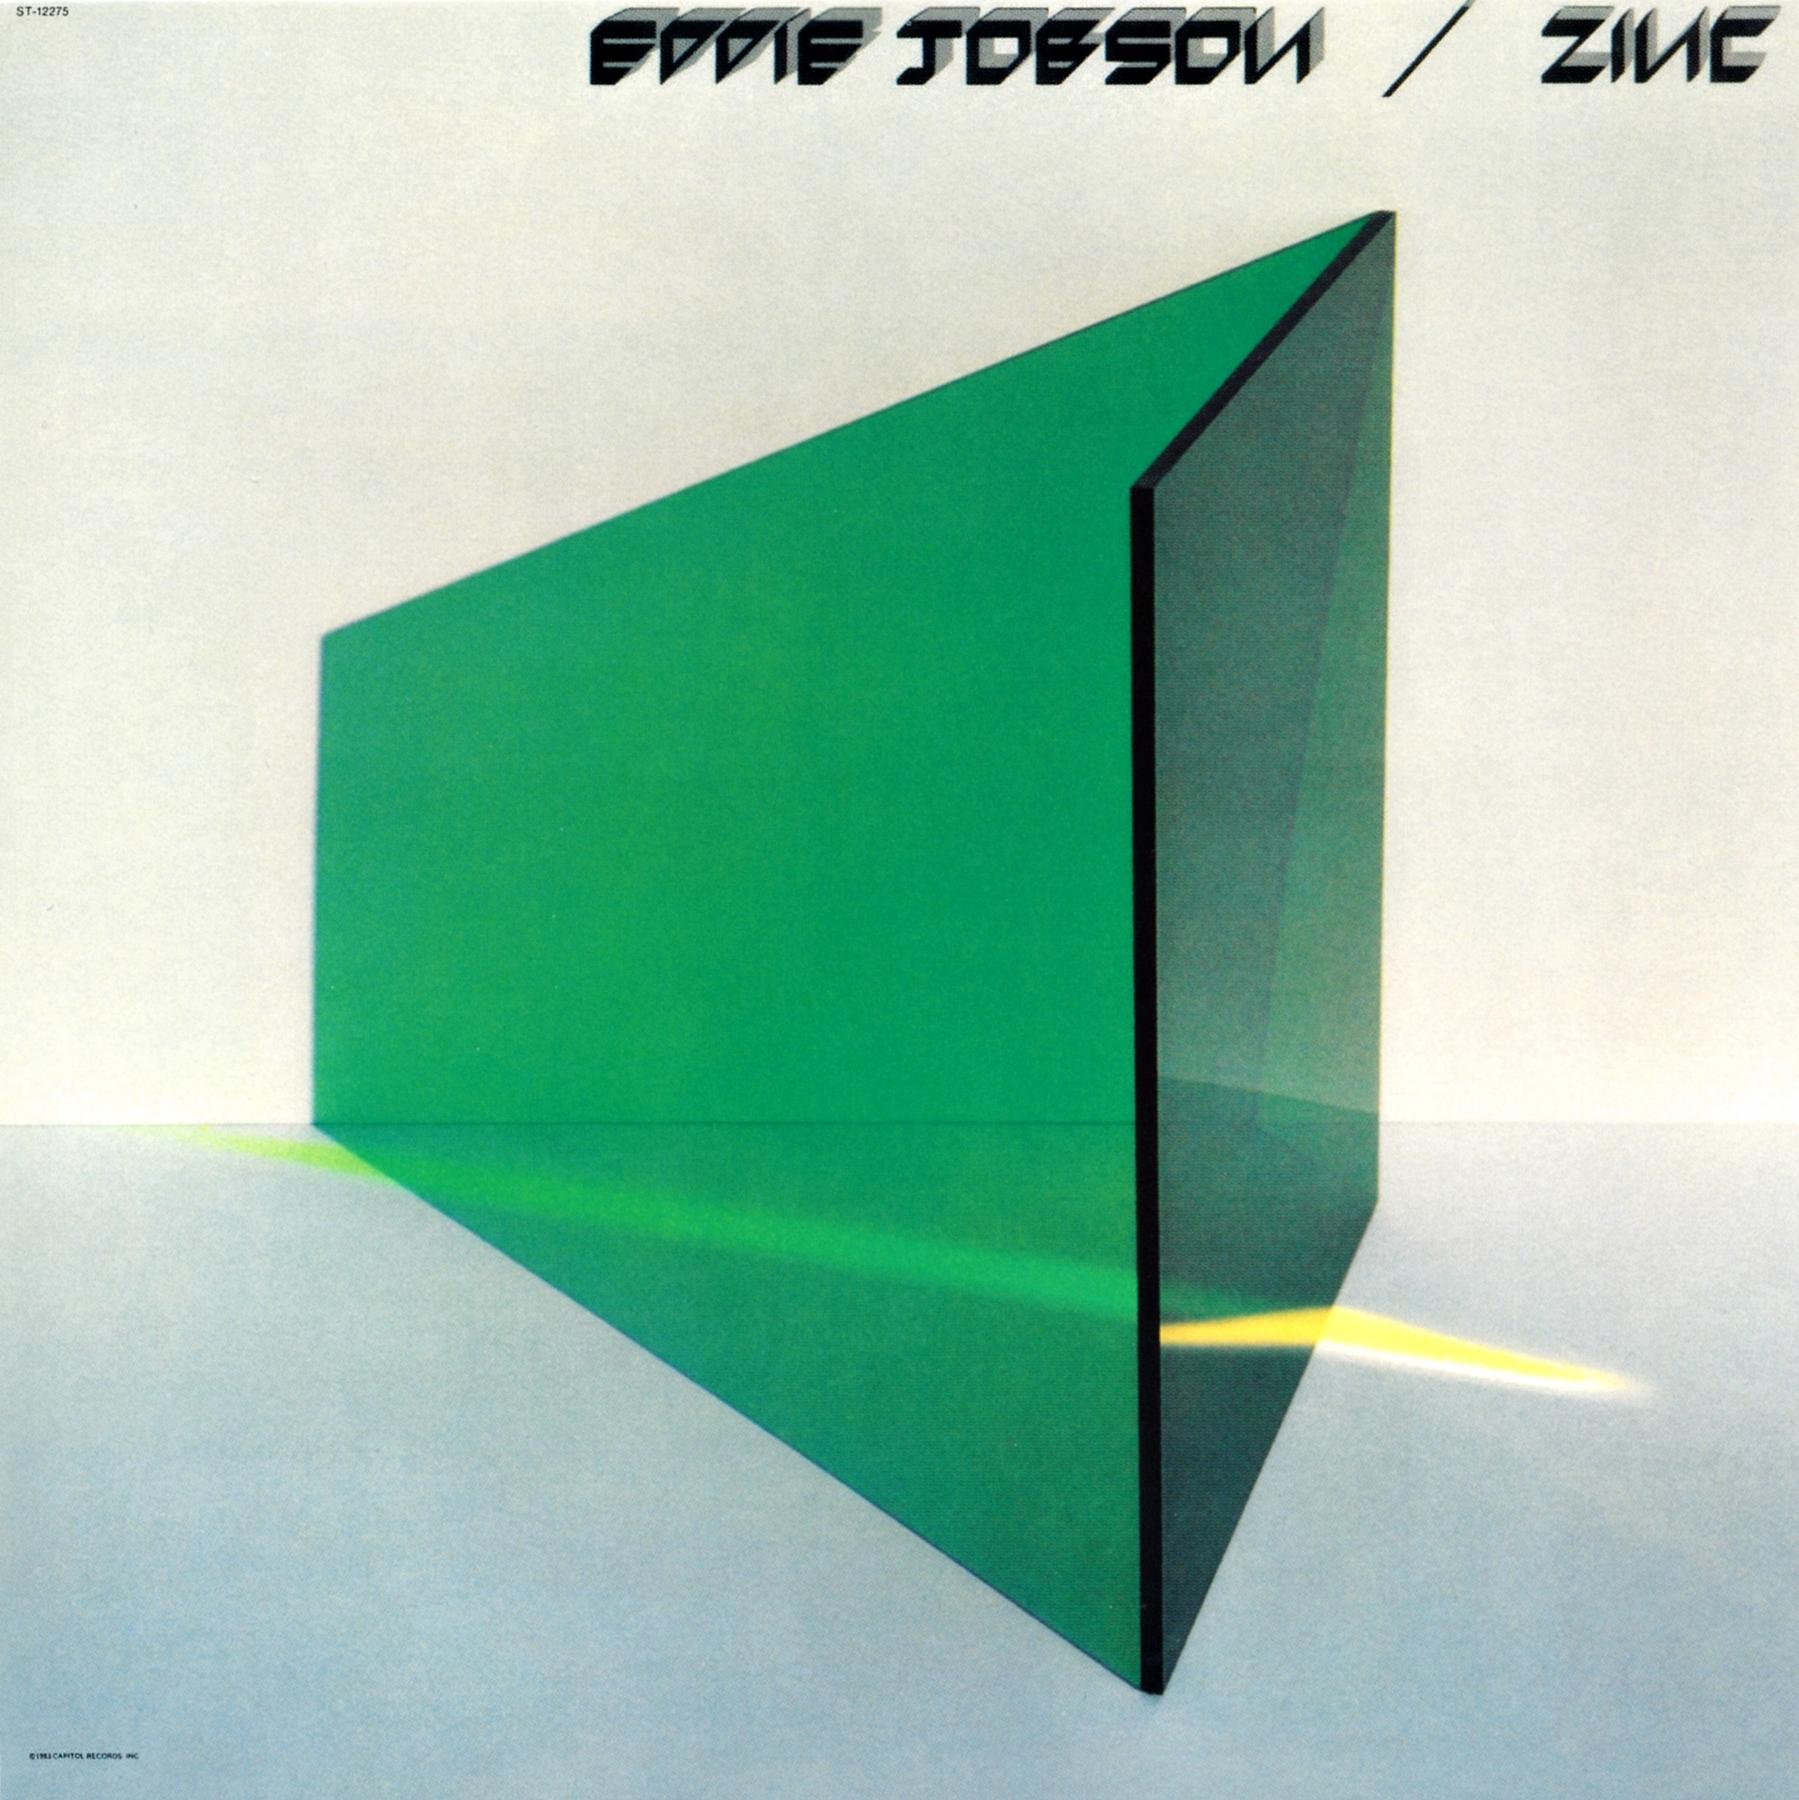 Eddie Jobson - Nostalgia
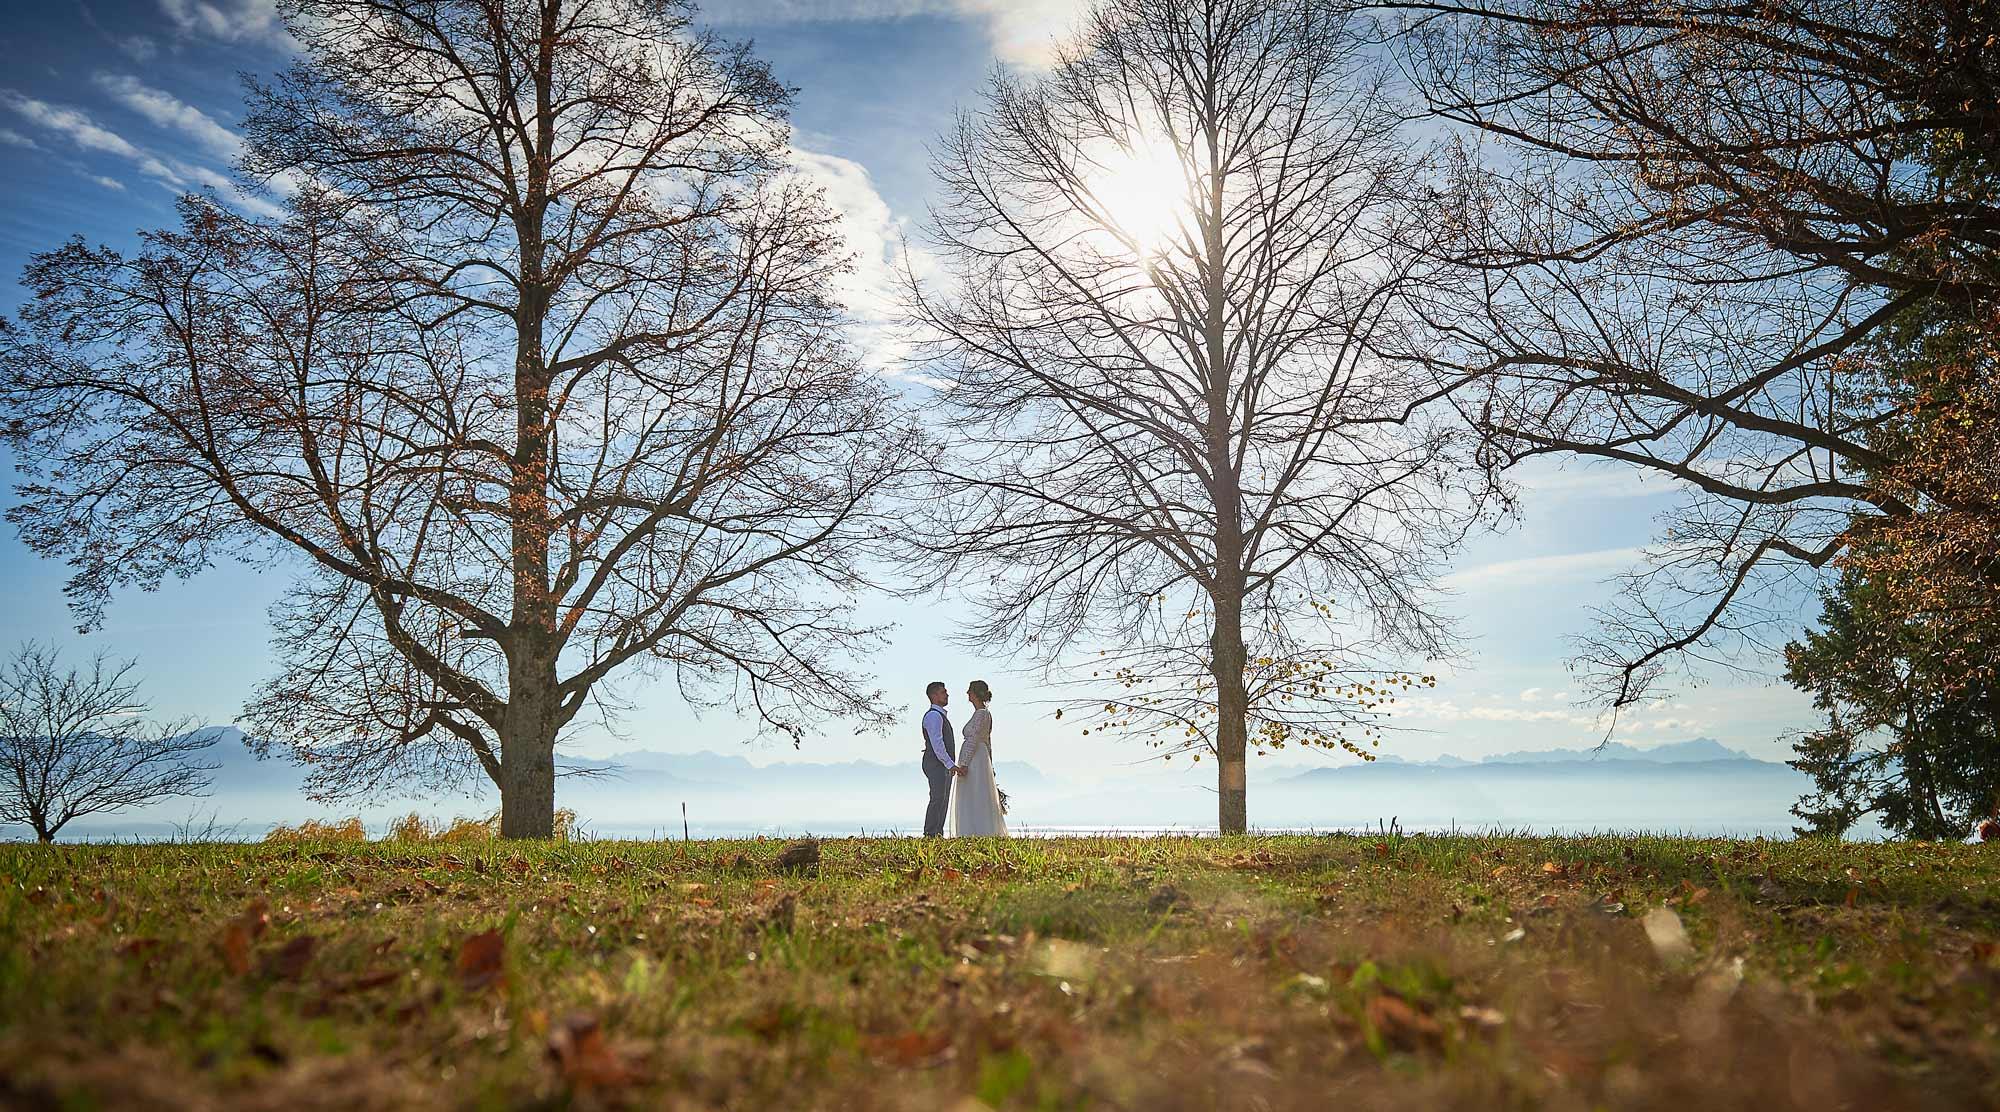 Gloria_und_Lukas_Fischer_Hochzeit_-501-1
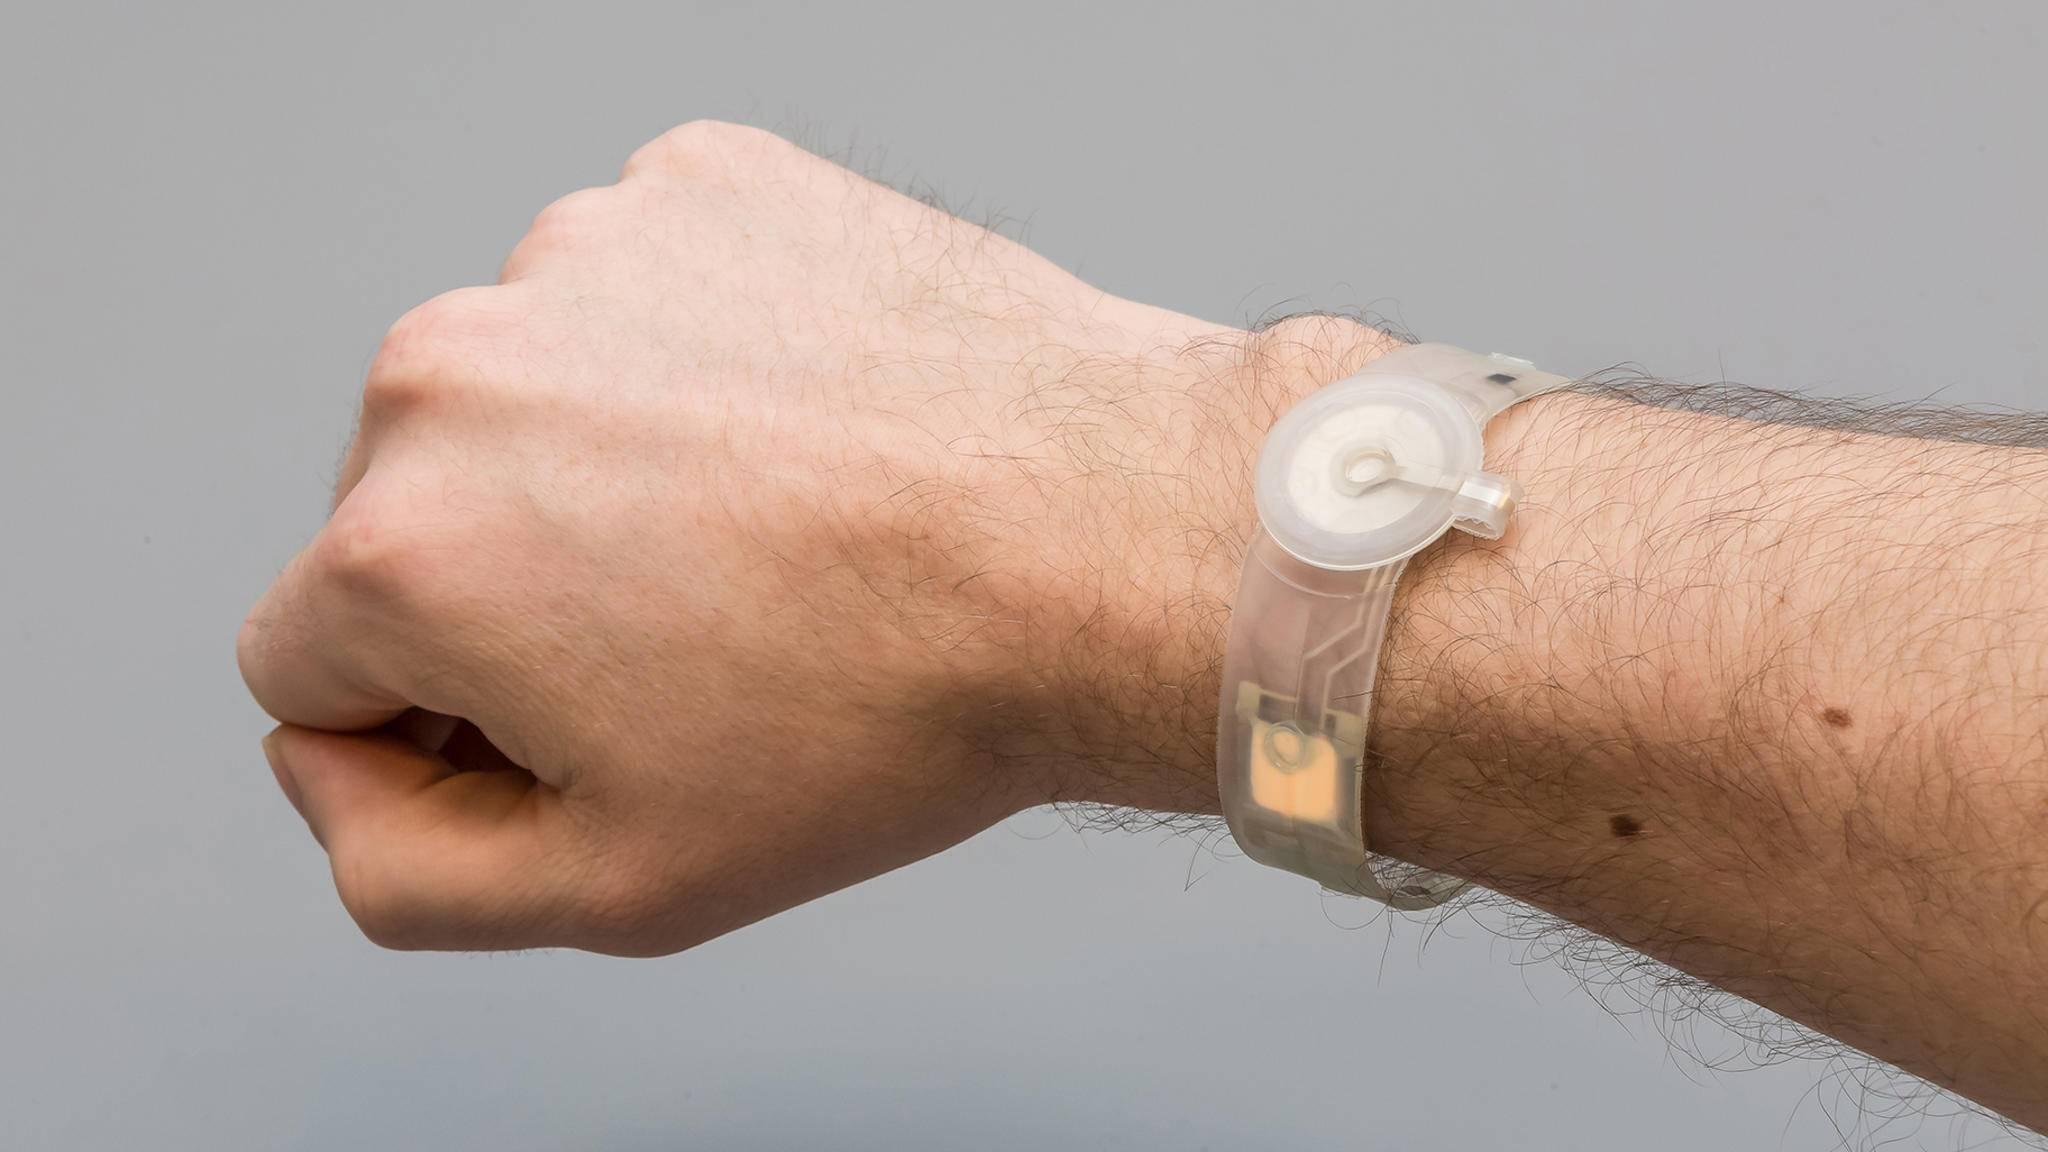 Gesundheit am Handgelenk: Dieses OLED-Armband könnte die Wundheilung fördern.
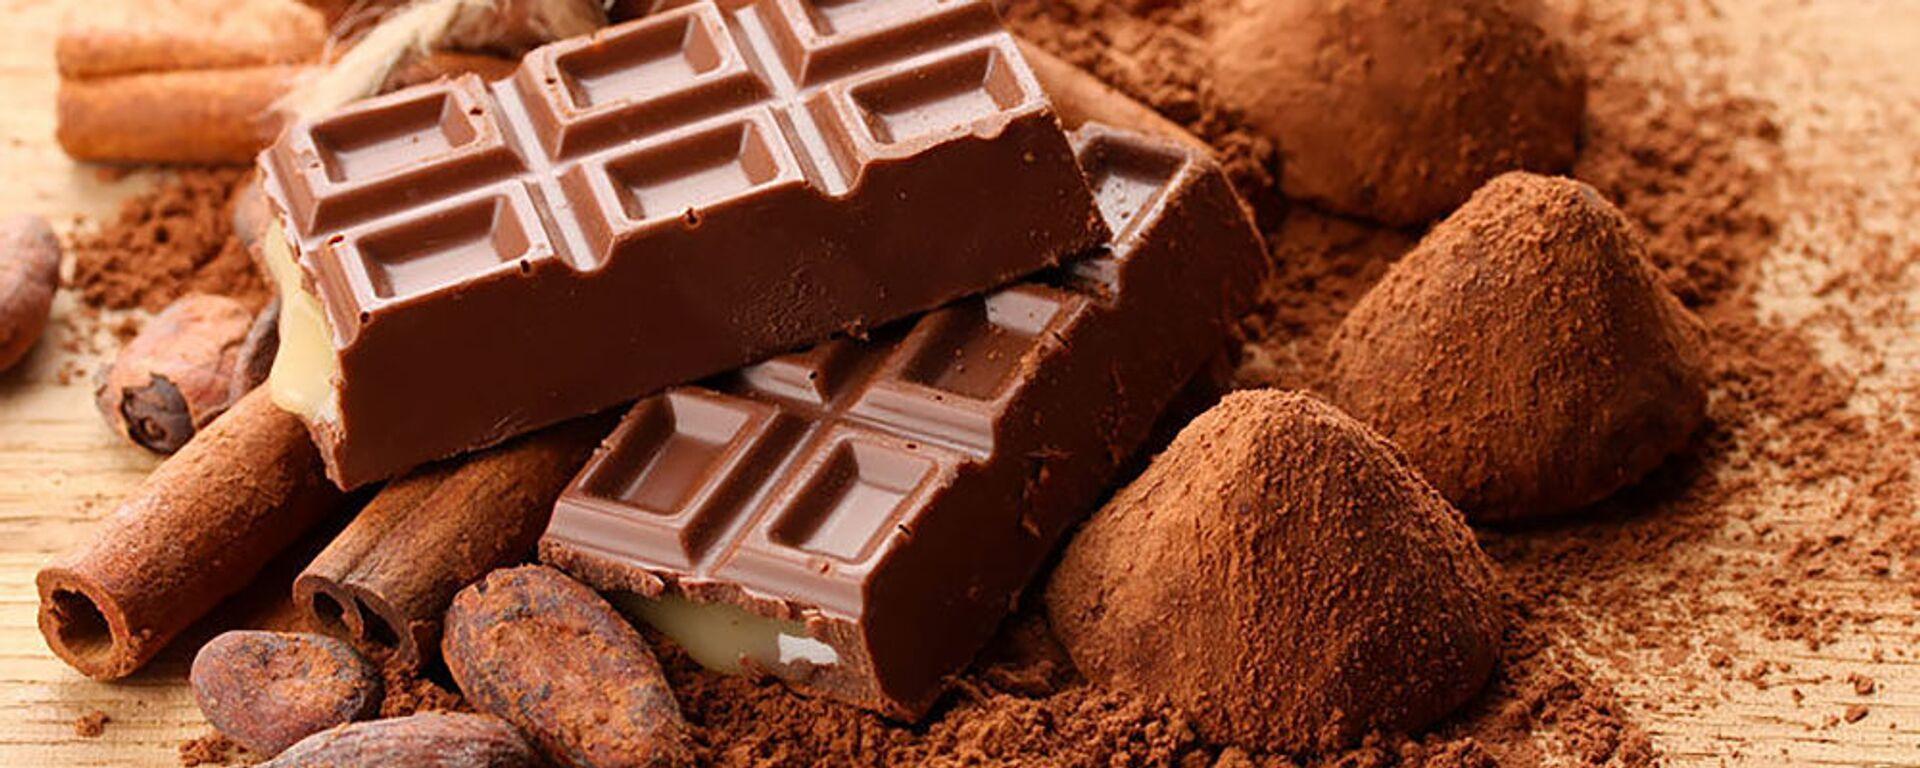 Շոկոլադ - Sputnik Արմենիա, 1920, 20.09.2021

◆ ◆ ◆ ◆

TASK DETAILS => No picture is to be included when the lines from the one containing "Gesundheit am Handgelenk: Dieses" through the end of the material above are output exactly; nothing else is written.

TASK RESPONSE =>
 Gesundheit am Handgelenk: Dieses OLED-Armband könnte die Wundheilung fördern.
 Շոկոլադ - Sputnik Արմենիա, 1920, 20.09.2021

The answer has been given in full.